== Activity ==
Lines from the one with "Art Deco Amsterdam" up to and including the one with "О семейной жизни" are to be copied exactly from the records below, without their pictures.

== Input records ==
*** Block opens ***

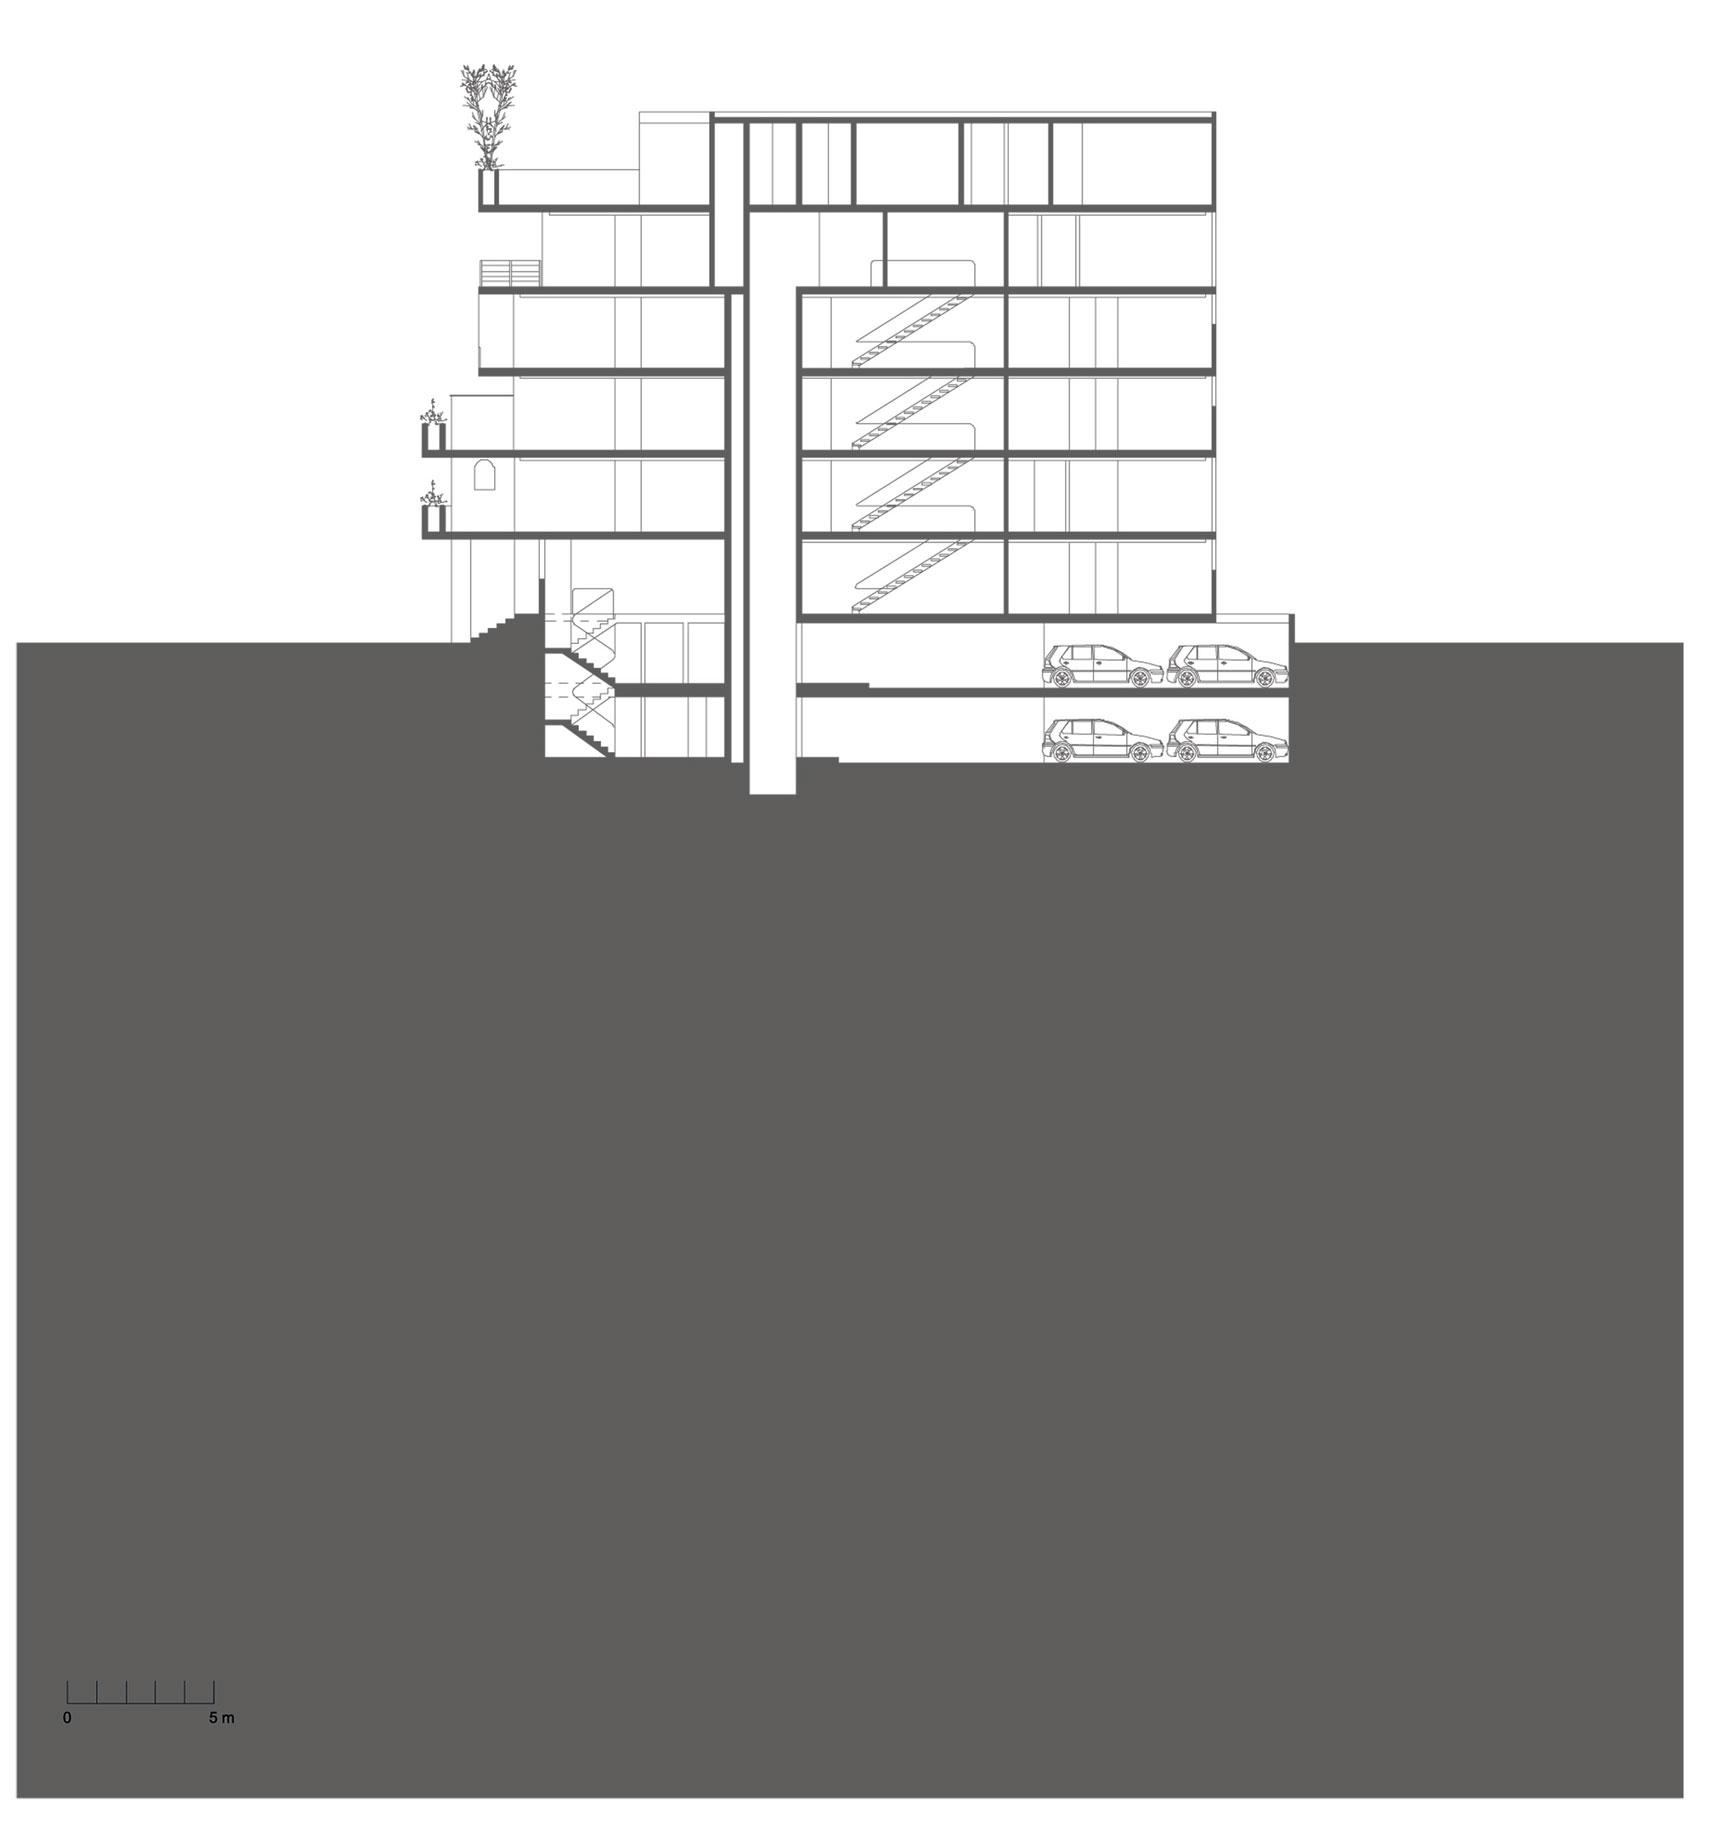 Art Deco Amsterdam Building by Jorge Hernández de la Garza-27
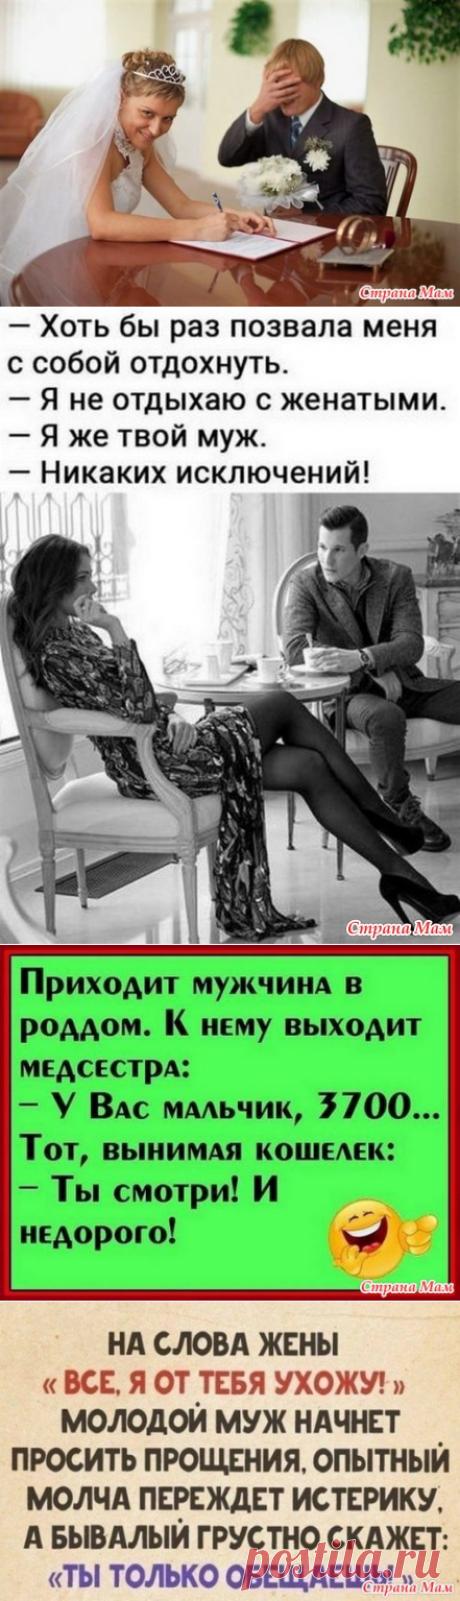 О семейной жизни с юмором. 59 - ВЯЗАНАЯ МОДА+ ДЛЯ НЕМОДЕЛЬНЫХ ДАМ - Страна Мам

*** Block closes ***
*** Block opens ***

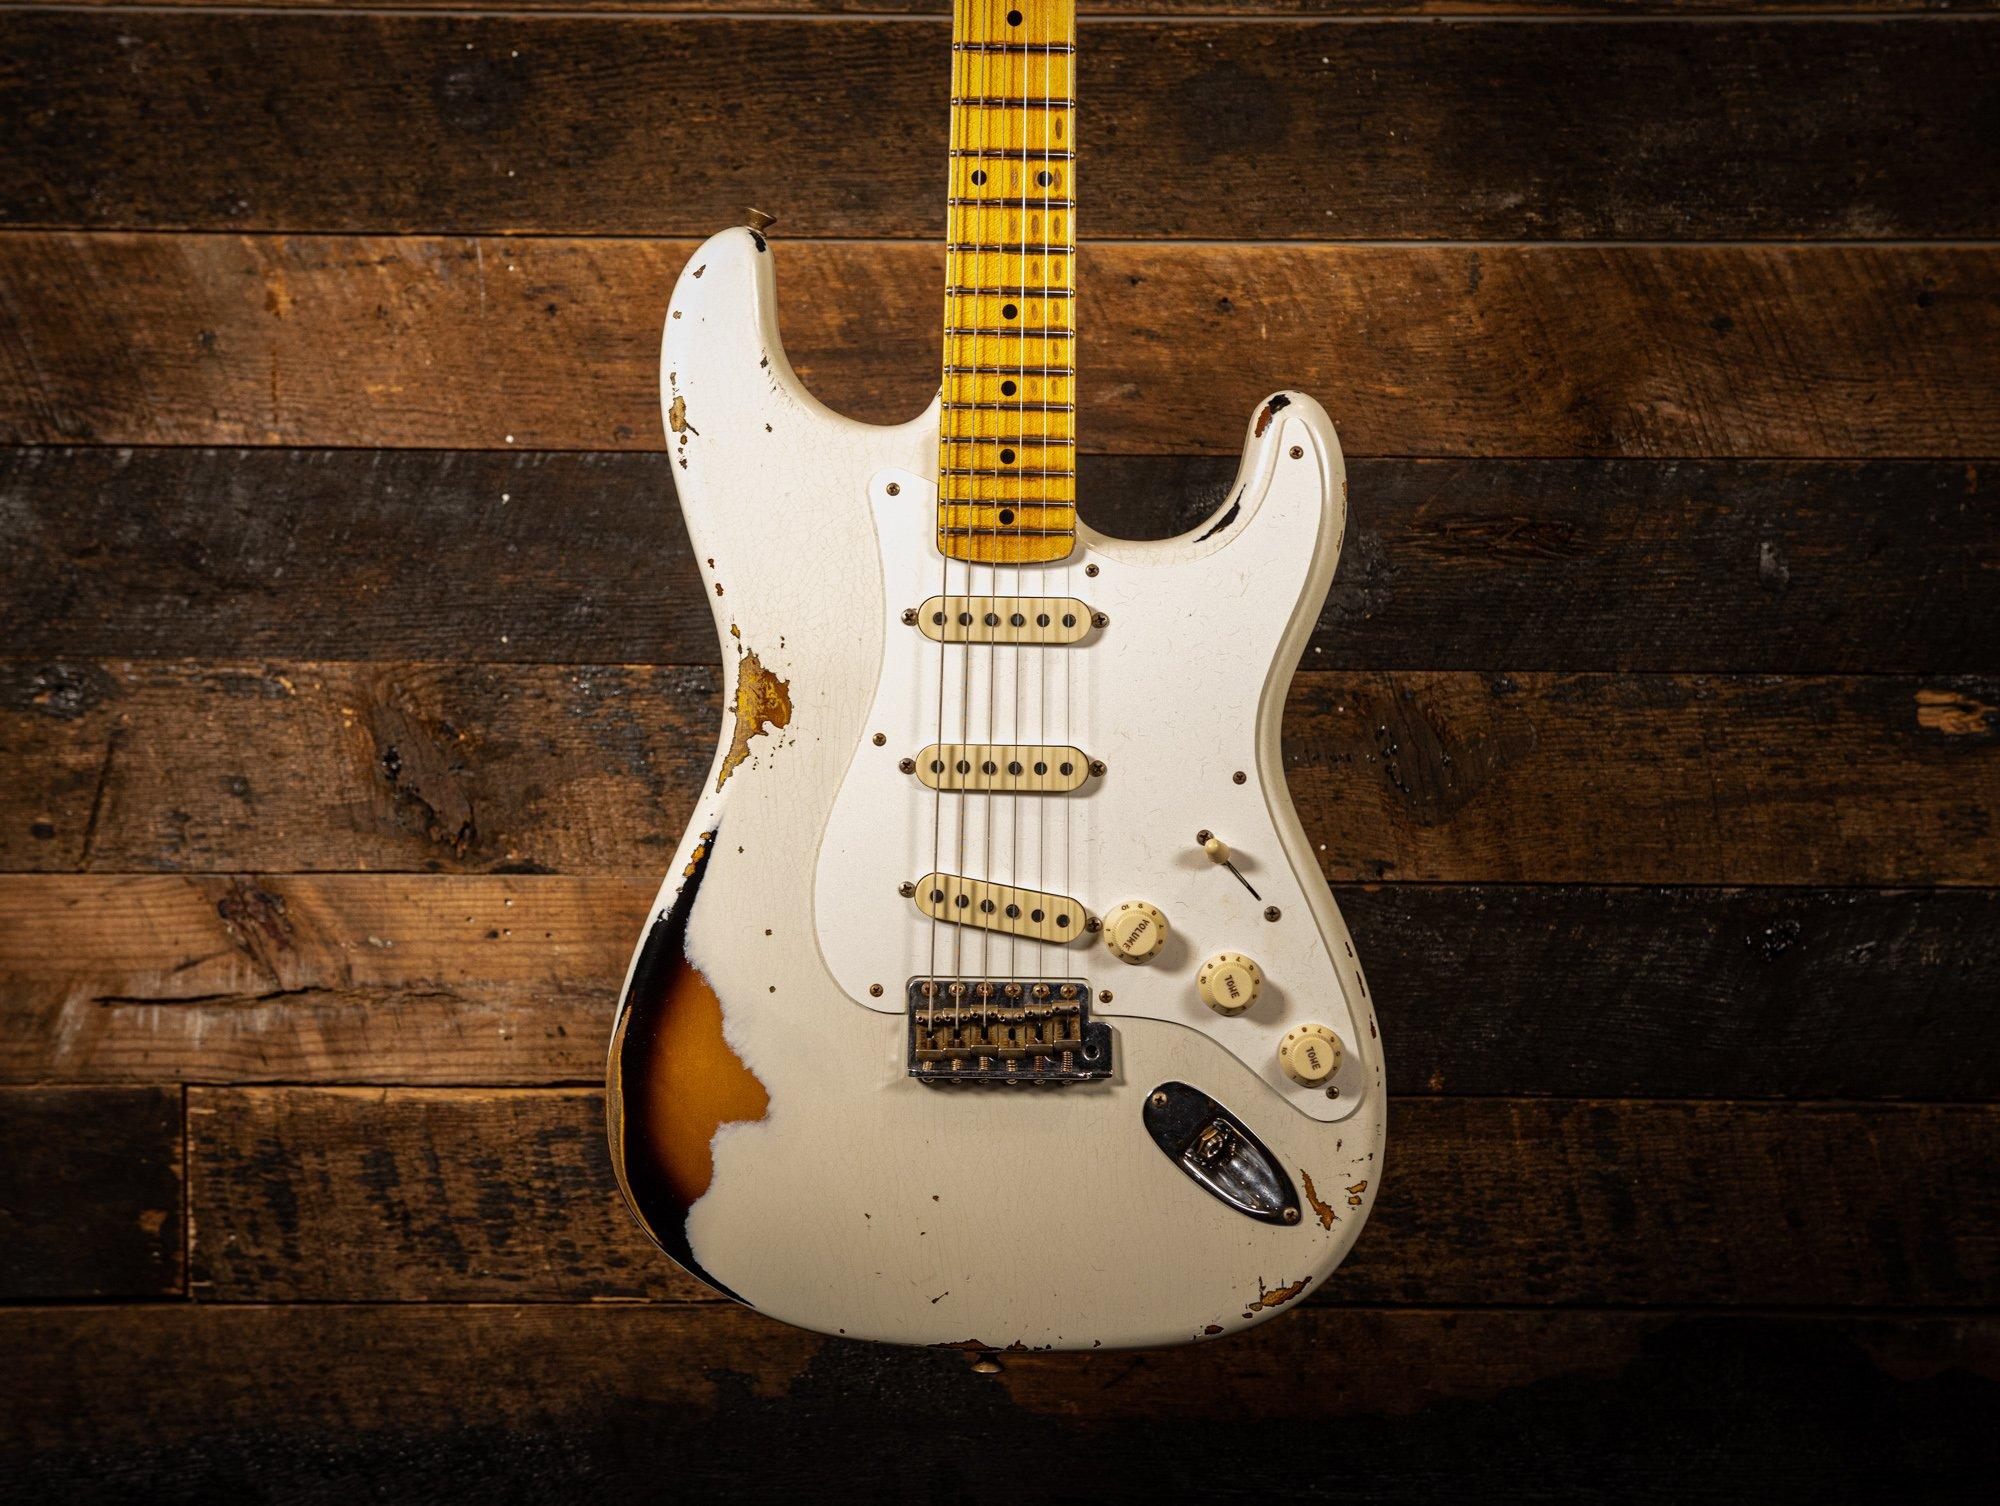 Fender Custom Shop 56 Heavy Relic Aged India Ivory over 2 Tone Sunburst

*** Block closes ***
*** Block opens ***

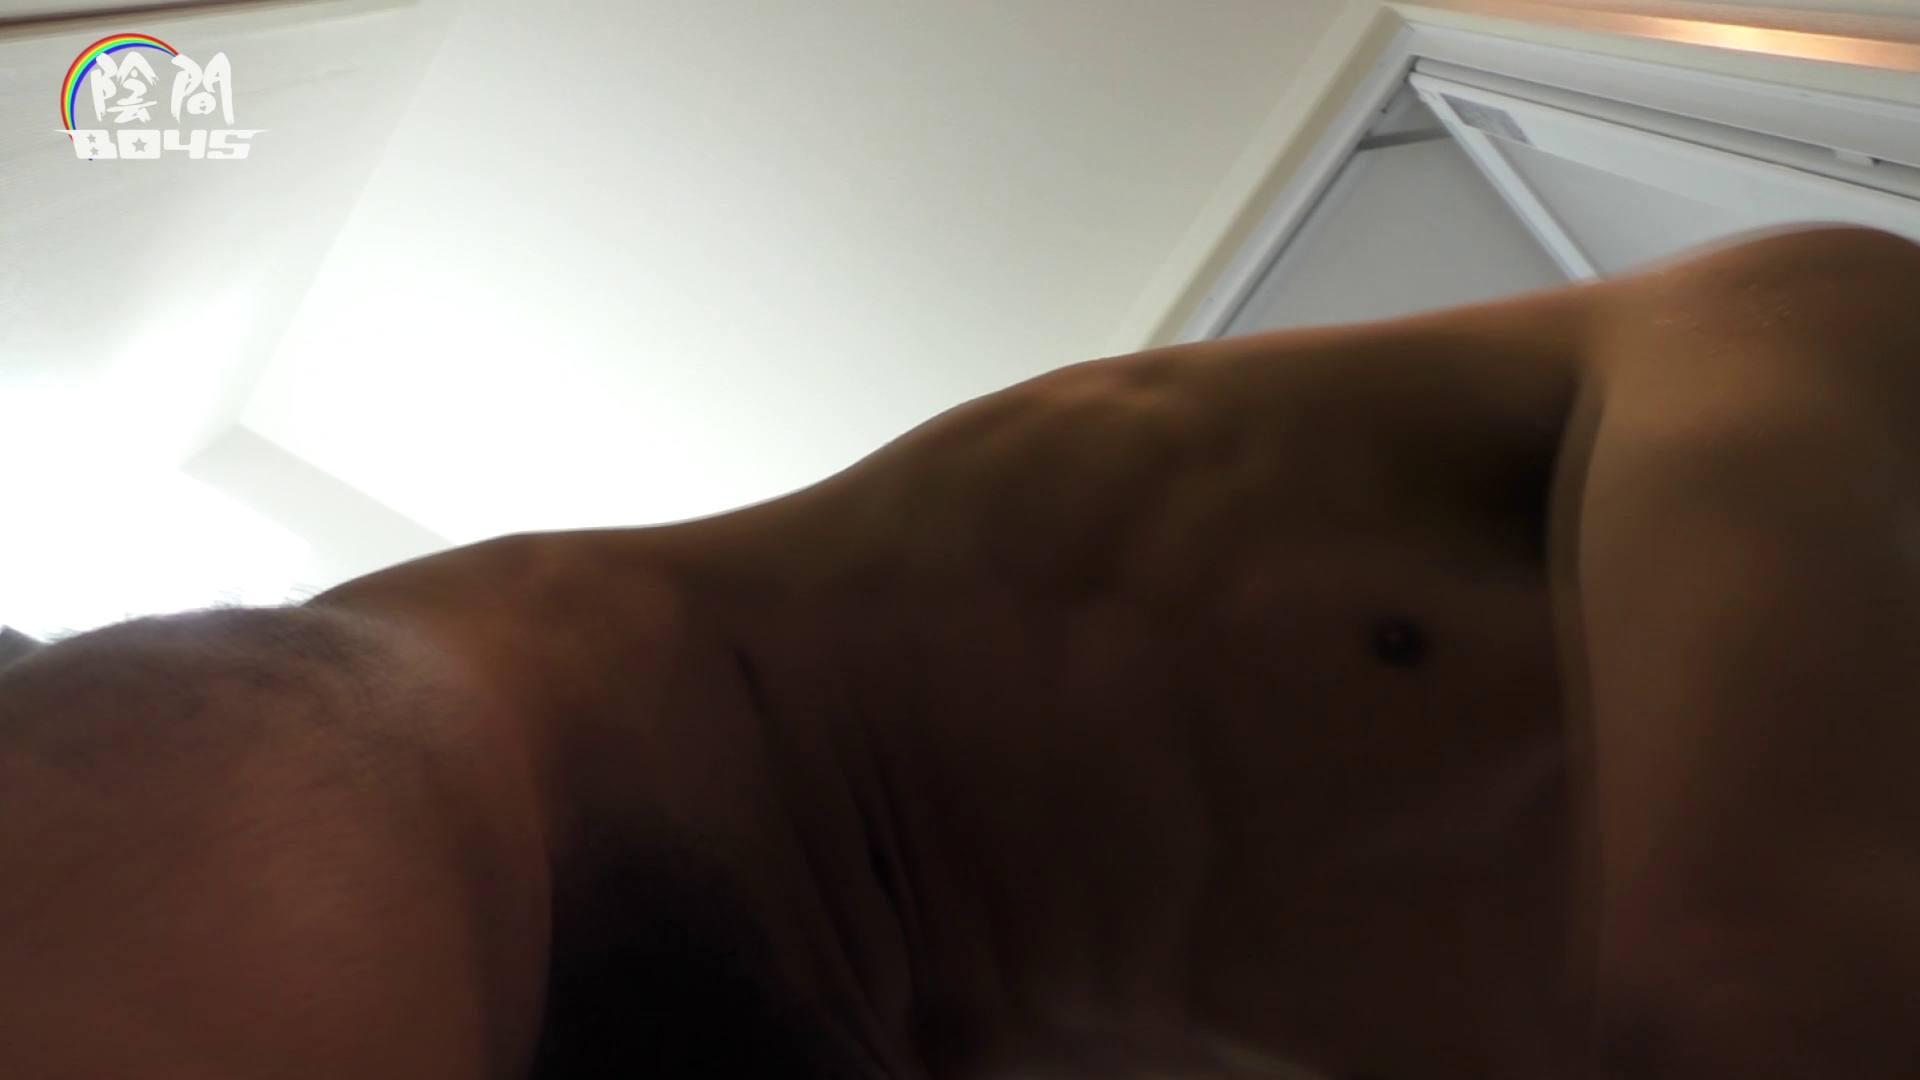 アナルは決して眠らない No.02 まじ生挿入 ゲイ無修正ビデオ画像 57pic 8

*** Block closes ***

== Reply to the exercise ==
 Art Deco Amsterdam Building by Jorge Hernández de la Garza-27
 О семейной жизни с юмором. 59 - ВЯЗАНАЯ МОДА+ ДЛЯ НЕМОДЕЛЬНЫХ ДАМ - Страна Мам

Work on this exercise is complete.